CVE-2025-28384 is a directory traversal vulnerability identified in the /script-api/scripts/ endpoint of OpenC3 COSMOS software versions before 6.1.0. Directory traversal (CWE-22) allows attackers to manipulate file path inputs to access files and directories outside the intended scope, potentially exposing sensitive system files or application data. This vulnerability is remotely exploitable over the network without requiring any authentication or user interaction, as indicated by the CVSS vector (AV:N/AC:L/PR:N/UI:N). The CVSS score of 9.1 reflects a critical severity due to the high impact on confidentiality and integrity, although availability is not affected. Exploiting this flaw could allow attackers to read arbitrary files, which might include configuration files, credentials, or other sensitive information, potentially leading to further compromise or lateral movement within the affected environment. The vulnerability was reserved in March 2025 and published in June 2025, with no known exploits reported yet. The lack of patch links suggests that a fix may not have been released at the time of this report, increasing the urgency for organizations to apply mitigations or monitor for exploitation attempts. OpenC3 COSMOS is used in various sectors, including industrial and defense-related applications, which heightens the risk profile of this vulnerability.

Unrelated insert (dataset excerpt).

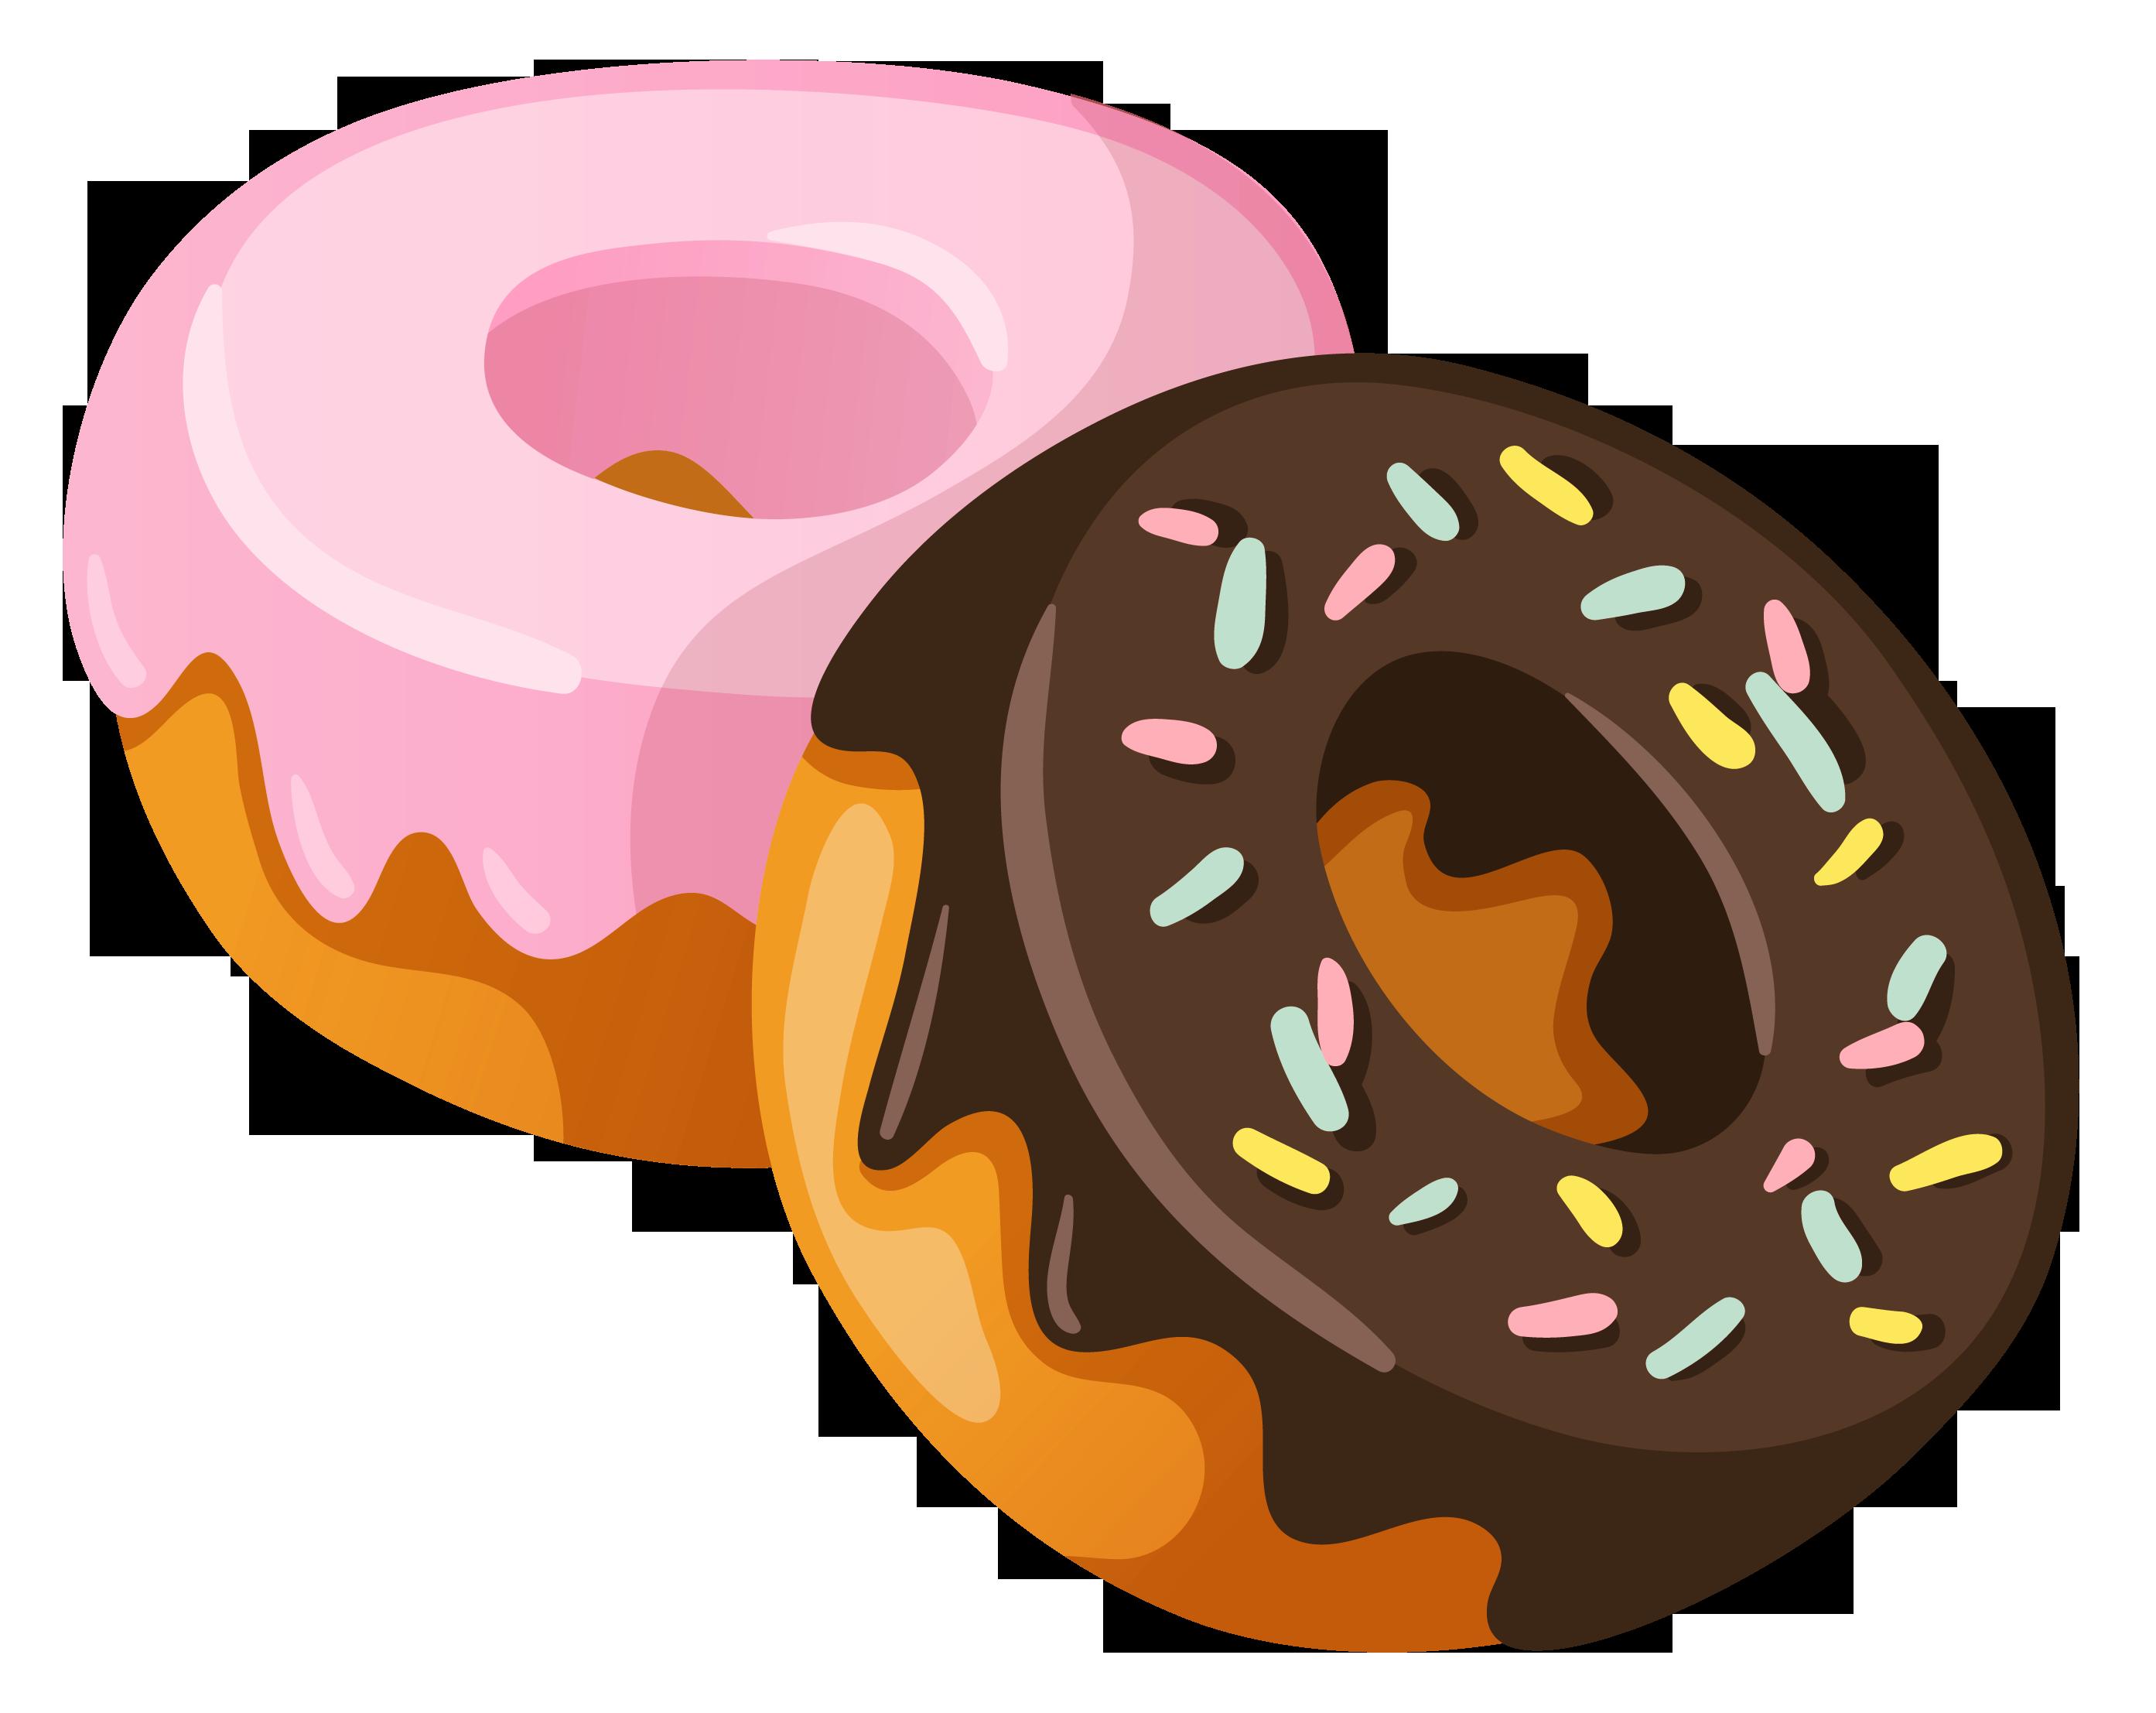 سكرابز حلويات للتصميم بدون تحميل❤

For European organizations, the impact of CVE-2025-28384 can be severe, especially for those relying on OpenC3 COSMOS in critical infrastructure, industrial control systems, or defense sectors. Unauthorized access to sensitive files can lead to exposure of confidential data, intellectual property theft, or leakage of operational details. This could facilitate further attacks such as privilege escalation, system manipulation, or disruption of services indirectly through compromised information. The vulnerability’s ease of exploitation without authentication increases the attack surface and risk of widespread exploitation. Organizations may face regulatory consequences under GDPR if personal or sensitive data is exposed. Additionally, reputational damage and operational disruptions could result from successful exploitation. Given the criticality, European entities must assess their exposure and implement immediate protective measures to reduce risk.

1. Apply patches or updates from OpenC3 COSMOS vendor as soon as they become available to address the vulnerability directly. 2. Until a patch is released, restrict network access to the /script-api/scripts/ endpoint using firewalls, network segmentation, or access control lists to limit exposure. 3. Implement strict input validation and sanitization on the server side to prevent directory traversal payloads from being processed. 4. Monitor logs and network traffic for unusual requests targeting the vulnerable endpoint, especially those containing path traversal patterns (e.g., ../ sequences). 5. Employ web application firewalls (WAFs) with rules designed to detect and block directory traversal attempts. 6. Conduct security audits and penetration testing focused on this endpoint to identify and remediate any additional weaknesses. 7. Educate system administrators and security teams about the vulnerability and encourage rapid incident response readiness. 8. Review and harden file system permissions to minimize the impact of unauthorized file access if exploitation occurs.